Exercise requirements: There is material below. Print exactly the lines starting at the line with "APERITIVO SULLA TERRAZZA" and ending at the line with "Запорожье накрыл мощный", ends included, and no others.

___ Data to use ___

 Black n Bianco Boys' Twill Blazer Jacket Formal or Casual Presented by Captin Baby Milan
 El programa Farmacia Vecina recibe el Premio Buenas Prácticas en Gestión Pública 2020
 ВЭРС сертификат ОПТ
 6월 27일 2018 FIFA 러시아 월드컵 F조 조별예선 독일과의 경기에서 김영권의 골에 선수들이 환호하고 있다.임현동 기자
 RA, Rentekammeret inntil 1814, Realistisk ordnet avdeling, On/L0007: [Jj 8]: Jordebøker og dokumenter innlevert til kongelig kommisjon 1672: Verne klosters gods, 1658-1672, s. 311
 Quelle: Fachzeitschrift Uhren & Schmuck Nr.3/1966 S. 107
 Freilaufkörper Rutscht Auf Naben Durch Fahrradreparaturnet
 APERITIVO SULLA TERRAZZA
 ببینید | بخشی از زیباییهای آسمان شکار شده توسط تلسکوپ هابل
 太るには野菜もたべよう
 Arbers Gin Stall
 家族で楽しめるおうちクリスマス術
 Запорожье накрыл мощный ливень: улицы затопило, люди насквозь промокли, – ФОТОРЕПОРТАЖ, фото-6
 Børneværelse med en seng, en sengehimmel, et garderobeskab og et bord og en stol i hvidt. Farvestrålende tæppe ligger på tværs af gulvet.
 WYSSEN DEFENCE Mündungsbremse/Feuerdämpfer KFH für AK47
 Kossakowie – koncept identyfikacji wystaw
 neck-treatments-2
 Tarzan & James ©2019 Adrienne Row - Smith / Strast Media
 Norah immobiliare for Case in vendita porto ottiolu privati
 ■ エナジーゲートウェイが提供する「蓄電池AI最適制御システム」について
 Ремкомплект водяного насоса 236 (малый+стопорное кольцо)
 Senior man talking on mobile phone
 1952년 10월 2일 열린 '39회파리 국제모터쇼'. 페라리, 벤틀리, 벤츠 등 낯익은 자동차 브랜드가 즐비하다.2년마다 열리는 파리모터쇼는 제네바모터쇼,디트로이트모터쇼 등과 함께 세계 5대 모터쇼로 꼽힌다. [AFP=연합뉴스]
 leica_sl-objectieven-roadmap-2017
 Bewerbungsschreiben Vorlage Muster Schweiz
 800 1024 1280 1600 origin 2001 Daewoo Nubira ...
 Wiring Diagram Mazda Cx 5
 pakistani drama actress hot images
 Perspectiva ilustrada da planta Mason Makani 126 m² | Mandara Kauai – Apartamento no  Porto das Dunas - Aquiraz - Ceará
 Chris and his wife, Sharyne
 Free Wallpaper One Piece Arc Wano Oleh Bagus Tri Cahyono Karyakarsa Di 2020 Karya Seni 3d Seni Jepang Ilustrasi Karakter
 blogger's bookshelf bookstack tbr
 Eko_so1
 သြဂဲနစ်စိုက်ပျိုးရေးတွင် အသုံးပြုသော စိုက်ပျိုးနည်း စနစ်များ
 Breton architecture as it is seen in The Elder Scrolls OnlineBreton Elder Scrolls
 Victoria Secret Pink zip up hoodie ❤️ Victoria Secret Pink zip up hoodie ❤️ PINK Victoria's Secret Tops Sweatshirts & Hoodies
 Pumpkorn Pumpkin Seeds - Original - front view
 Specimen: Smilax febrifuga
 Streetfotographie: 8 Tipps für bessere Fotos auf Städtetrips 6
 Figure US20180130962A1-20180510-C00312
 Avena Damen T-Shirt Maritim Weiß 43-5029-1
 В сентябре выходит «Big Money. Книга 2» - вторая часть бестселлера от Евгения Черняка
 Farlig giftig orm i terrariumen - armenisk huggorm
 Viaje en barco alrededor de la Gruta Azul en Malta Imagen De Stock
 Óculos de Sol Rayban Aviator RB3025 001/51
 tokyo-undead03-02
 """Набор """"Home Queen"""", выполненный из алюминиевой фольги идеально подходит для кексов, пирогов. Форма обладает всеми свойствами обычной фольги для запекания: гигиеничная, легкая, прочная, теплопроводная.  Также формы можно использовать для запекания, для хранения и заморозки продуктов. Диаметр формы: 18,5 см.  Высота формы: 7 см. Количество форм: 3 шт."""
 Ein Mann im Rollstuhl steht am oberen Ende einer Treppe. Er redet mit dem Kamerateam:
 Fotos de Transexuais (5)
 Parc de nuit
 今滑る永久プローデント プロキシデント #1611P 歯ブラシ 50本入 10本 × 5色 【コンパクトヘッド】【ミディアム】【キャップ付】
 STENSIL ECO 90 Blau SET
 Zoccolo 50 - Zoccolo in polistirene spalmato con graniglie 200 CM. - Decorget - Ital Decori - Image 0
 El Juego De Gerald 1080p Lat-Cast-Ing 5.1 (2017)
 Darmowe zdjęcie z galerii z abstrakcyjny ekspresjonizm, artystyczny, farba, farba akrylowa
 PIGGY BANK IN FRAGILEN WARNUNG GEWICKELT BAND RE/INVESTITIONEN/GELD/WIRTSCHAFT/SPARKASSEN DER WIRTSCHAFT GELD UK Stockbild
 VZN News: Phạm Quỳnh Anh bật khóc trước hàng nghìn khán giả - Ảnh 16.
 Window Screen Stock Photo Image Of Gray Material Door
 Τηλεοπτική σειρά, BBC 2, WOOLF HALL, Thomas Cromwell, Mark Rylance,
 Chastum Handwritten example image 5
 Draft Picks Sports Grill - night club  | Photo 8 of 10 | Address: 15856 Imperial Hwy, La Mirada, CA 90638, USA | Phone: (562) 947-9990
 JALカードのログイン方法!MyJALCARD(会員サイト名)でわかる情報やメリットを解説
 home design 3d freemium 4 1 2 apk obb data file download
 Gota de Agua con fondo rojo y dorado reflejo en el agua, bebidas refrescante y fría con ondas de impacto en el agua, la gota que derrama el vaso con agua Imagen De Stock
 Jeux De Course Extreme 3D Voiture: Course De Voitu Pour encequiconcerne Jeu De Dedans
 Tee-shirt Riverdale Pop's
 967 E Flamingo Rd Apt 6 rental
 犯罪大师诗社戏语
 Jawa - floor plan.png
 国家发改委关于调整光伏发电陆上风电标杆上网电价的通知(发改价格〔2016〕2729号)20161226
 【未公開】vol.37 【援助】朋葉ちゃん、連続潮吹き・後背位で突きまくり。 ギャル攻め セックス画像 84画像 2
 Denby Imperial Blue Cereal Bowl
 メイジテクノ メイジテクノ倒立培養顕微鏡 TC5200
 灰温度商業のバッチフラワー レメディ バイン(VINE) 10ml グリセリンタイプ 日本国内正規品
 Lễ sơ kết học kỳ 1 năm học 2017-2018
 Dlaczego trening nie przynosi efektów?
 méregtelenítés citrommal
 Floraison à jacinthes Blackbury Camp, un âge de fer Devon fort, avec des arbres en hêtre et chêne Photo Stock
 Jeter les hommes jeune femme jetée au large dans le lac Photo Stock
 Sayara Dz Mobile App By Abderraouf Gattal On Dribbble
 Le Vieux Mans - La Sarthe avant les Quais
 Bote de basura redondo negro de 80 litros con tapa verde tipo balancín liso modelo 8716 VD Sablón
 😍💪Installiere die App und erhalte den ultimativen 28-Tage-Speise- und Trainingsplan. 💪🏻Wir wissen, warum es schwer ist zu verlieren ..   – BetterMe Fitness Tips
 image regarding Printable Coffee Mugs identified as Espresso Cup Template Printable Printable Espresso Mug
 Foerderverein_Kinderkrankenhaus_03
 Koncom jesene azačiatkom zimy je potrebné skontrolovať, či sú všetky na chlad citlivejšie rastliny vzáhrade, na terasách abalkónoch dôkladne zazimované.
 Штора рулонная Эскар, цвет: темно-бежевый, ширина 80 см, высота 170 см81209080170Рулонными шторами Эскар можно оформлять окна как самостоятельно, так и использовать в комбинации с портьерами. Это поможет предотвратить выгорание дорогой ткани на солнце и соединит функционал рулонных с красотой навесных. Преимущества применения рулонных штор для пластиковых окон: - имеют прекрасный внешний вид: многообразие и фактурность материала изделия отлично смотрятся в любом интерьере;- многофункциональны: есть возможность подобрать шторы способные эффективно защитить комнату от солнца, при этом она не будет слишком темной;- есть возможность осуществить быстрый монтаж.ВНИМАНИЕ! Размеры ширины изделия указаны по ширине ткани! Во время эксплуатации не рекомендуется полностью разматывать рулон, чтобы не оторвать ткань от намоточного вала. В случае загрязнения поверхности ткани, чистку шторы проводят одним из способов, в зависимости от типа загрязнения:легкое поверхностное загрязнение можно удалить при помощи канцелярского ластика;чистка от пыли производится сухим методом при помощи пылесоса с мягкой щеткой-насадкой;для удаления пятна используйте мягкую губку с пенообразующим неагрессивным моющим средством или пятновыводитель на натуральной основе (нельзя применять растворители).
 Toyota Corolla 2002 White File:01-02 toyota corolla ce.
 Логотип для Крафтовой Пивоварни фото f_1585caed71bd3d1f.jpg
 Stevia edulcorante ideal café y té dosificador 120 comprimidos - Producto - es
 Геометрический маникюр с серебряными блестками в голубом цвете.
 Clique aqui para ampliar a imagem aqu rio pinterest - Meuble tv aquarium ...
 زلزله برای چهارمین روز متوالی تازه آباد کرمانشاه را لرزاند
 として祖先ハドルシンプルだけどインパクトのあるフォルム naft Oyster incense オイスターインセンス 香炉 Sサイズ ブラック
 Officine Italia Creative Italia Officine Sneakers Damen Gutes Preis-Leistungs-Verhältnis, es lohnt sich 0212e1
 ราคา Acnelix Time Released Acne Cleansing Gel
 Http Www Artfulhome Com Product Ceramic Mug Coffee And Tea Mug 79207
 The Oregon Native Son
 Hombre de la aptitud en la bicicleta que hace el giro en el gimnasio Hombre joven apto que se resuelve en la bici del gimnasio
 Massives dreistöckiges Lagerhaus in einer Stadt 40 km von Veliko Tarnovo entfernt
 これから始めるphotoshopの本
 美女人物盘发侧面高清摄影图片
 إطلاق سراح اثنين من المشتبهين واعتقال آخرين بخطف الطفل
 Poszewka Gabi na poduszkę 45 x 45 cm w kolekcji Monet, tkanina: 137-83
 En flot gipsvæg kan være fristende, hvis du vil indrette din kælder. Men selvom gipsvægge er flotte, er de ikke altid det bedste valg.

___

Exercise output:
 APERITIVO SULLA TERRAZZA
 ببینید | بخشی از زیباییهای آسمان شکار شده توسط تلسکوپ هابل
 太るには野菜もたべよう
 Arbers Gin Stall
 家族で楽しめるおうちクリスマス術
 Запорожье накрыл мощный ливень: улицы затопило, люди насквозь промокли, – ФОТОРЕПОРТАЖ, фото-6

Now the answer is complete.